Pricing and Cost Advice

"In terms of this particular product usage, my clients currently only use per-user licenses."
"If one is very cheap and ten is expensive, I rate the product price as a seven out of ten."
"We were customers and bought licenses from them. We used their remote instance initially but upgraded to the on-device version due to lag. For pricing, we paid about 2200 pounds a year per seat for the client installation at an educational rate. I'm not sure about commercial rates. I managed to get a free copy at BBC since it was for evaluation purposes."
"[The] Orbus... pricing model was based on every single functionality having a price. The pricing was comparable but if we wanted to scale, it would have ended up being a lot more expensive. BiZZdesign gave us one price with all of the functionality, and we could scale as much as we needed."
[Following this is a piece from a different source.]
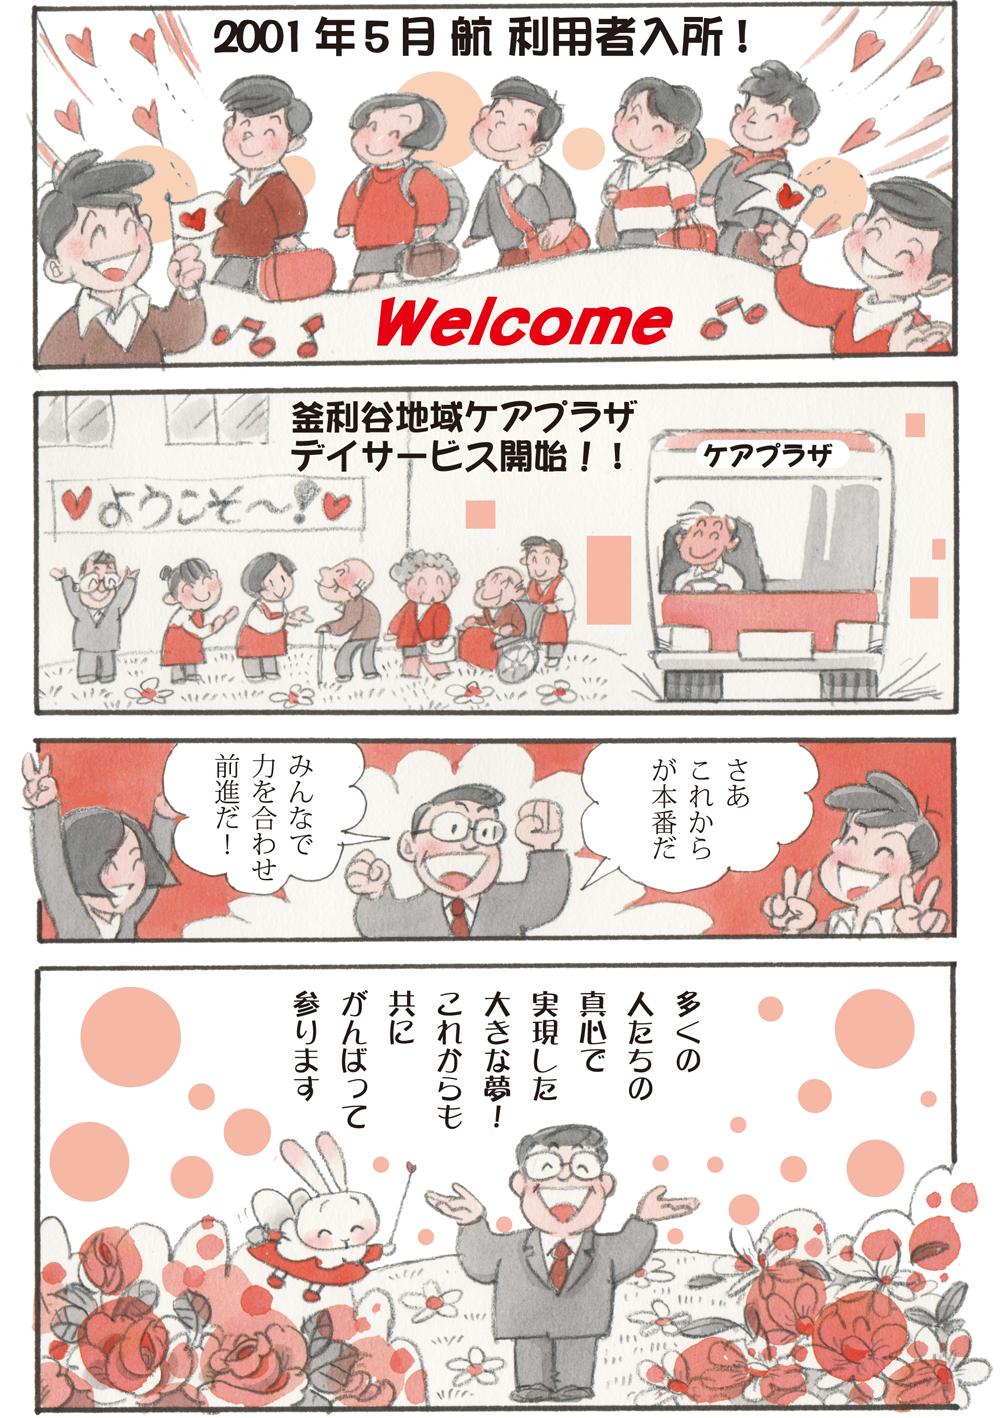 すみなす会誕生物語 8p

"The price is reasonable."
"I haven't found any issues with the scalability and licensing parts that are access-related."
"First and foremost within the scope of improvement for the solution would be the cost. It's very costly..."
"The pricing model is slightly on the high side and could be more competitive for long-term partnerships."
"In the time that I've used it, we've doubled up the amount of dollars on our intended projects."
"When we went through that process, I believe it is competitive with others on the market. However, there are less expensive options available. It's a more premium offering at a higher price."
"I don't think we have necessarily purchased everything that I would have liked to have seen."
"We have several hundred licenses. It costs us several hundred thousand dollars a year."
"We have portfolio managers, resource managers, project managers, and time reporting licenses. These are the licenses that we have."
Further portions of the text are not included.